In other studies, befiradol showed pro-motility activity in a transgenic nematode worm model of spinocerebellar ataxia type 3 (also known as SCA3 or Machado-Joseph disease), an orphan disorder. In July 2024, the European Commission granted Neurolixis Orphan Drug Designation for befiradol as a treatment of Spinocerebellar Ataxia based on these data and on results from a transgenic mouse model of Spinocerebellar Ataxia.

Befiradol also reversed depression-like behavior and catalepsy induced by tetrabenazine, a drug used for the treatment of Huntington's disease.
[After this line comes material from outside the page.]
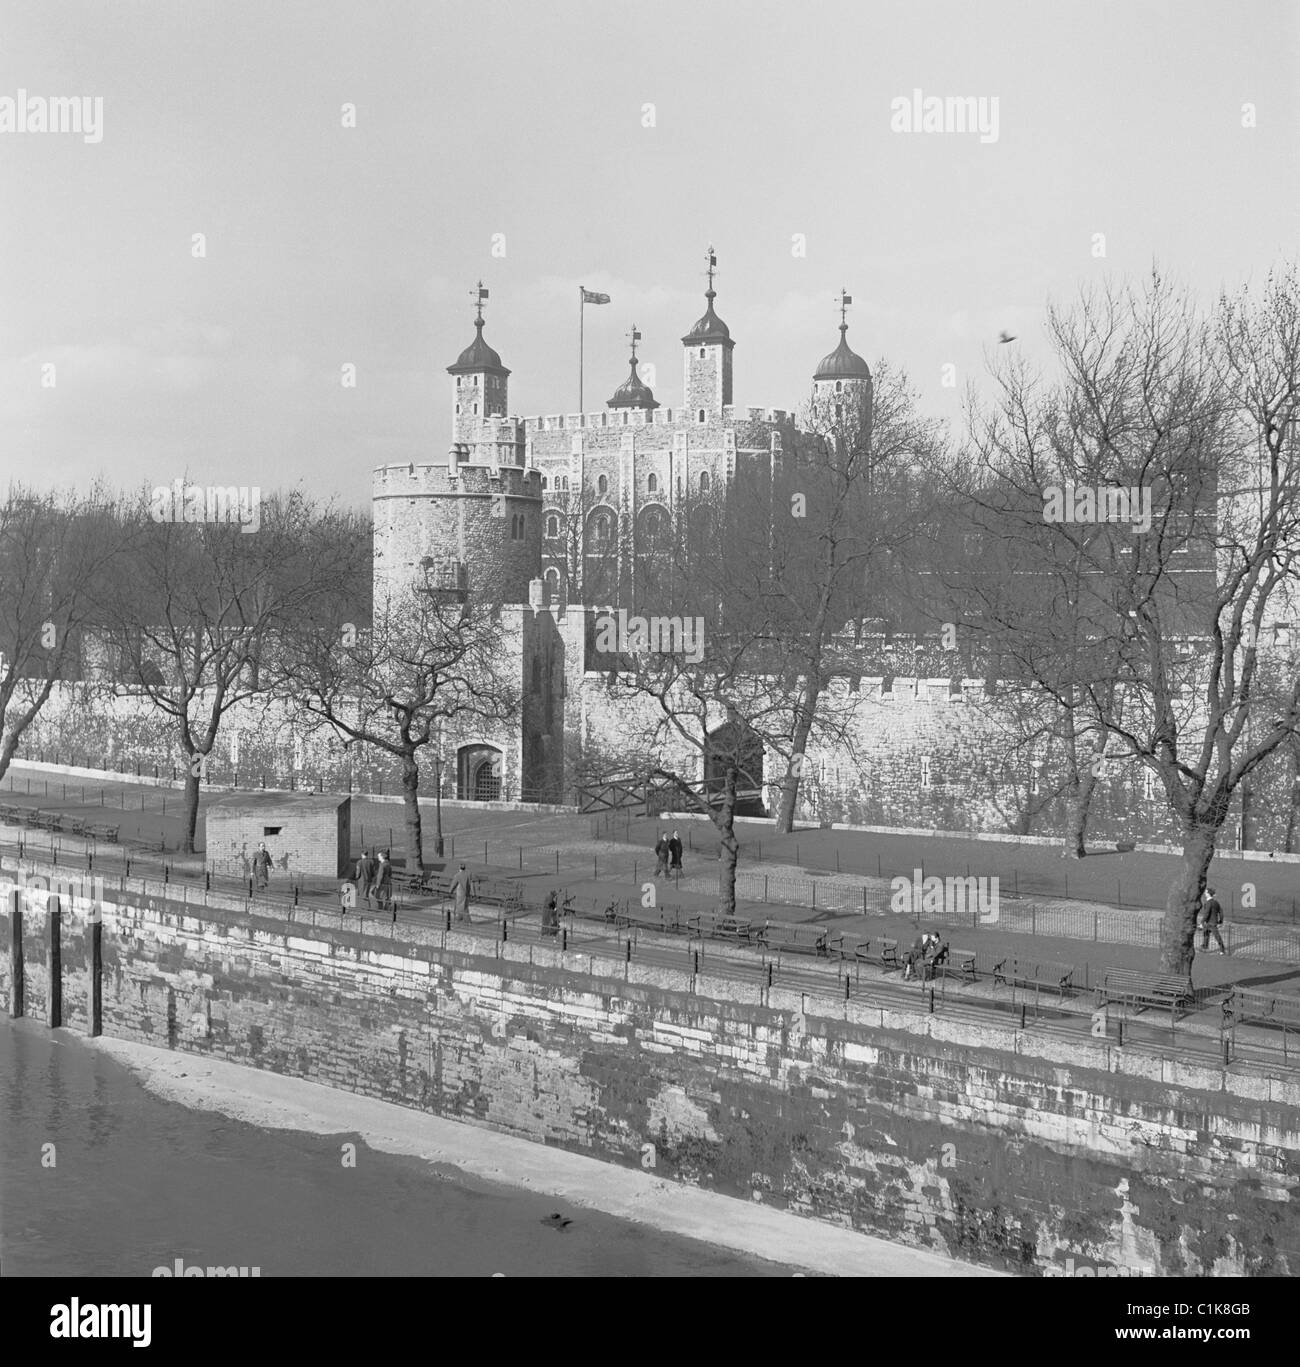 Années 1950, Londres, une vue du Palais Royal, la Tour de Londres qui date de 1078, dans cette photographie historique de J Allan Cash. Banque D'Images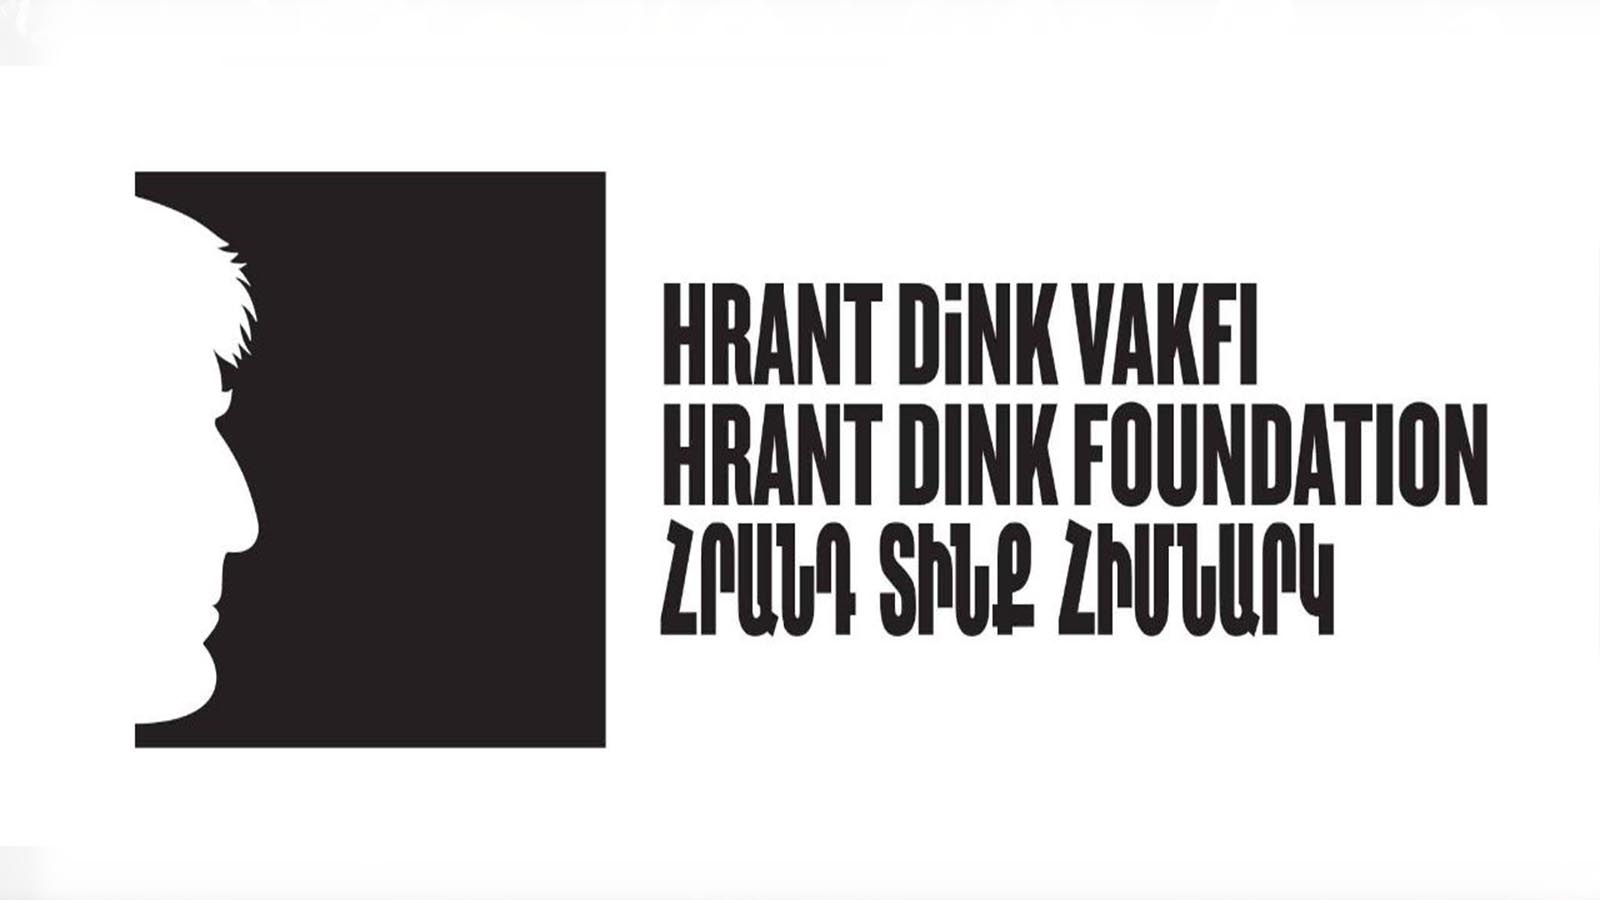 CHP, HDP, DEVA ve Gelecek Partisi'nden Hrant Dink Vakfı'na destek mesajları

== Development of F-15599 ==

F-15599 (also known as NLX-101) was awarded Orphan Drug Status by the United States Food and Drug Administration (FDA) in October 2013 and Orphan Medicinal Product designation by the European Medicines Agency in March 2014.
In collaboration with researchers at the University of Bristol, Neurolixis was awarded a grant by the International Rett Syndrome Foundation to study F-15599 in animal models of Rett syndrome. In June 2015, Neurolixis was awarded a grant by the Rett Syndrome Research Trust to advance F-15599 to clinical development. Subsequent studies on F-15599 investigated its functional selectivity (also referred to as 'biased agonism') at cortical serotonin 5-HT_{1A} receptors using brain imaging techniques in rat: functional magnetic resonance imaging and positron emission tomography. The functional selectivity of F-15599 was considered to underlie its rapid-acting antidepressant-like activity in the 'chronic mild stress' (CMS) model of depression. F-15599 reversed CMS-induced anhedonia (measured as a deficit in sucrose solution consumption) after a single day of treatment. More recently, Neurolixis has broadened its characterization of F-15599 to other autism spectrum disorders, notably Fragile X syndrome. Researchers at the University of California, Riverside showed that F-15599 protected transgenic Fragile X syndrome mice from audiogenic seizures and death. These observations constituted the basis for a patent (US11974992B2] that was granted to Neurolixis by the United States Patent and Trademark Office. The potential therapeutic utility of F-15599 for treatment of Central nervous system disorders involving serotonin systems was recently supported by a study at the Brain and Mind Research Institute at the University of Ottawa showing that the compound exerts rapid reorganization of serotonin projections in a transgenic mouse model.

== Preclinical drug discovery ==

In addition to developing befiradol and F-15599, Neurolixis is also developing its own novel chemical entities (NCEs) in collaboration with a team at Jagiellonian University in Krakow, Poland. Scientists from Neurolixis and Jagiellonian University filed a patent application on the NCEs in 2016, and it issued in the USA under patent number US10562853B2. The NCEs are selective serotonin 5-HT_{1A} receptor agonists that show functional selectivity for either extracellular signal-regulated kinases activation or for beta arrestin activation. It has been suggested that such compounds may have utility for treatment of distinct CNS disorders. In particular, NLX-204 shows preferential activation of extracellular signal-regulated kinases and exhibits rapid-acting antidepressant-like activity in rodent models.